If you are using spring framework you can use BeanUtils library for this task. First deserialize your json String normally and then use BeanUtils to set this object inside a parent object. It also expects the variable name of the object to be set inside the parent object. Here is the code snippet:

childObject = gson.fromJson("your json string",class.forName(argType))
BeanUtils.setProperty(mainObject, "childObjectName", childObject);

Upvotes: 0

Jordan Haynes
Jordan Haynes

Reputation: 9

could always load into a dummy object and use reflection to transfer the data. if your heart is set on just using gson

example. assuming this code is in the object you want to copy data into

    public void loadObject(){
Gson gson = new Gson();
//make temp object
YourObject tempStorage = (YourObject) gson.fromJson(new FileReader(theJsonFile), YourObject.class);
//get the fields for that class
ArrayList<Field> tempFields = new ArrayList<Field>();
ArrayList<Field> ourFields = new ArrayList<Field>();
getAllFields(tempFields, tempStorage.getClass());
getAllFields(thisObjectsFields, this.getClass());
for(Field f1 : tempFields){
    for(Field f2 : thisObjectsFields){
        //find matching fields
        if(f1.getName().equals(f2.getName()) && f1.getType().equals(f2.getType())){
            //transient and statics dont get serialized and deserialized.
            if(!Modifier.isTransient(f1.getModifiers())&&!Modifier.isStatic(f1.getModifiers())){
                //make sure its a loadable thing
                f2.set(this, f1.get(tempStorage));
            }
        }
    }
}

}

public static List<Field> getAllFields(List<Field> fields, Class<?> type) {
    for (Field field : type.getDeclaredFields()) {
        fields.add(field);
    }
    if (type.getSuperclass() != null) {
        fields = getAllFields(fields, type.getSuperclass());
    }
    return fields;
}

Upvotes: 0

eugen
eugen

Reputation: 5916

If you can use another library instead of Jackson you can try Genson http://owlike.github.io/genson/. In addition of some other nice features (such as deserialize using a non empty constructor without any annotation, deserialize to polymorphic types, etc) it supports deserialization of JavaBean into an existing instance. Here is an example:

BeanDescriptorProvider provider = new Genson().getBeanDescriptorFactory();
BeanDescriptor<MyClass> descriptor = provider.provide(MyClass.class, genson);
ObjectReader reader = new JsonReader(jsonString);
MyClass existingObject = descriptor.deserialize(existingObject, reader, new Context(genson));

If you have any question don't hesitate to use its mailing list http://groups.google.com/group/genson.

Upvotes: 1

Johan Boberg
Johan Boberg

Reputation: 3781

You can do this using Jackson:

mapper.readerForUpdating(object).readValue(json);

See also Merging Two JSON Documents Using Jackson

Upvotes: 96

splashout
splashout

Reputation: 553

I used Jackson + Spring's DataBinder to accomplish something like this. This code handles arrays but not nested objects.

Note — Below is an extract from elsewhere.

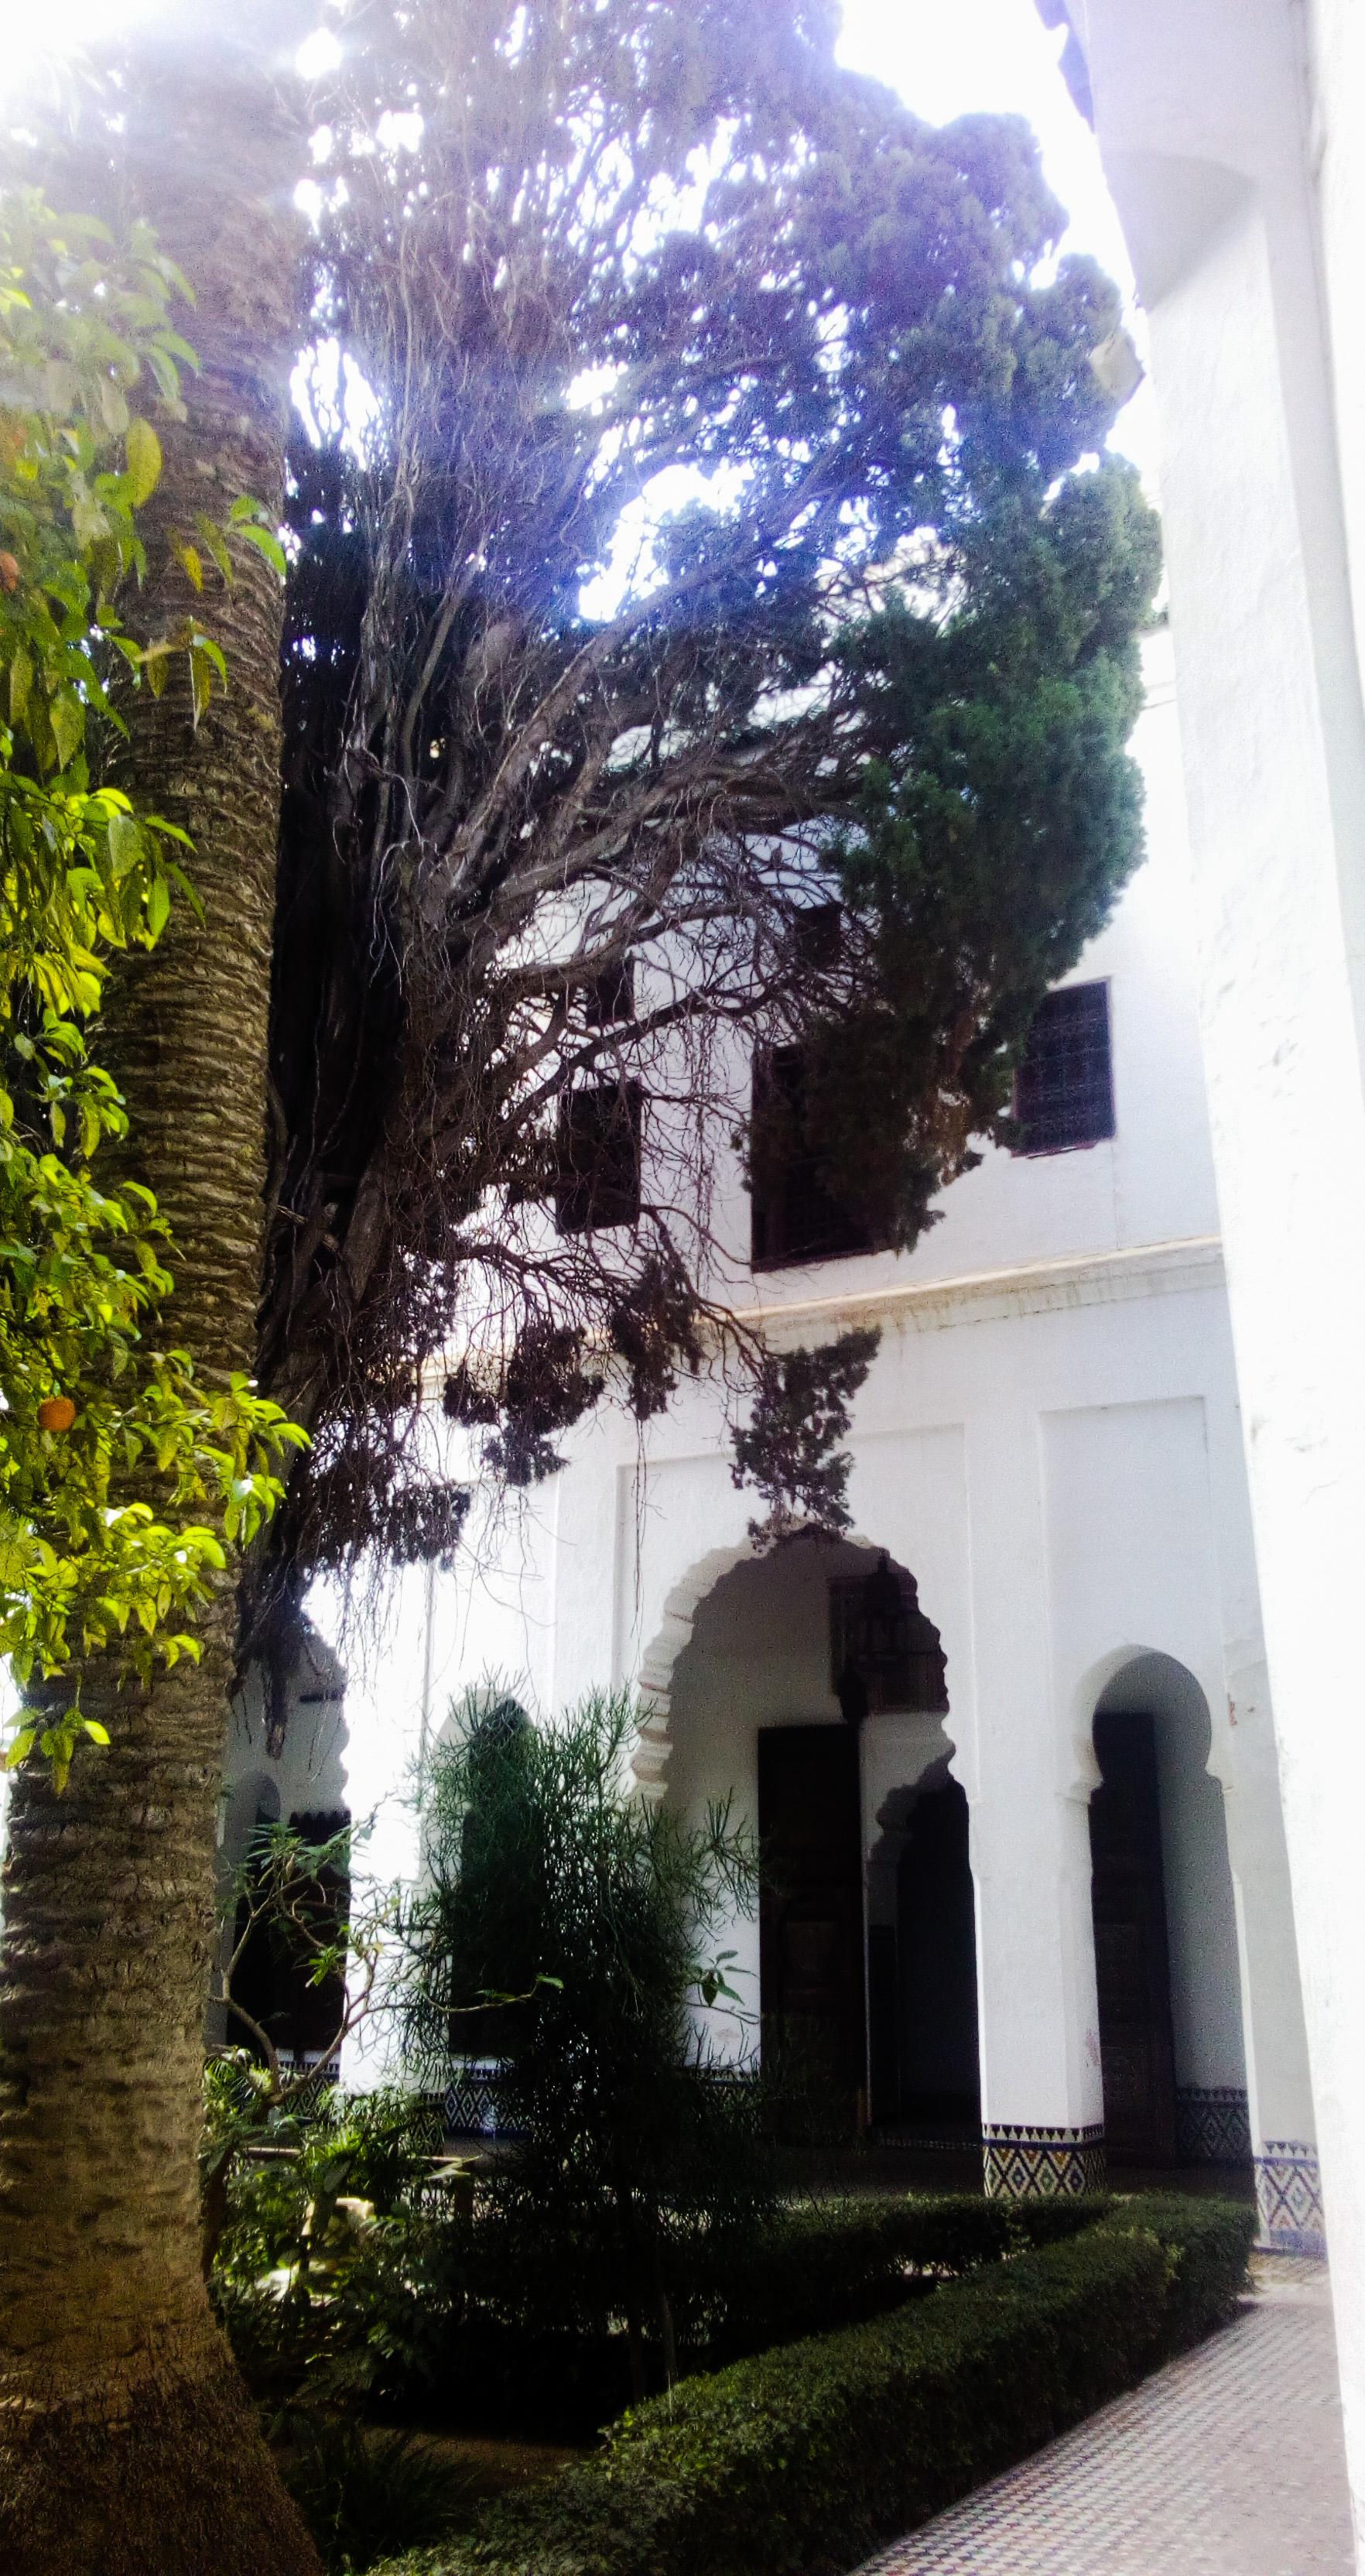 Image du jardin dans le musée Dar Jamai

private void bindJSONToObject(Object obj, String json) throws IOException, JsonProcessingException {
    MutablePropertyValues mpv = new MutablePropertyValues();
    JsonNode rootNode = new ObjectMapper().readTree(json);
    for (Iterator<Entry<String, JsonNode>> iter = rootNode.getFields(); iter.hasNext(); ) {
        Entry<String, JsonNode> entry = iter.next();
        String name = entry.getKey();
        JsonNode node = entry.getValue();
        if (node.isArray()) {
            List<String> values = new ArrayList<String>();
            for (JsonNode elem : node) {
                values.add(elem.getTextValue());
            }
            mpv.addPropertyValue(name, values);
            if (logger.isDebugEnabled()) {
                logger.debug(name + "=" + ArrayUtils.toString(values));
            }
        }
        else {
            mpv.addPropertyValue(name, node.getTextValue());
            if (logger.isDebugEnabled()) {
                logger.debug(name + "=" + node.getTextValue());
            }
        } 
    }
    DataBinder dataBinder = new DataBinder(obj);
    dataBinder.bind(mpv);
}

Upvotes: 0

faizan
faizan

Reputation: 690

flexJson can also help you do the same.

Here is an example copied from FlexJson Doc

The deserializeInto function takes your string and reference to existing object.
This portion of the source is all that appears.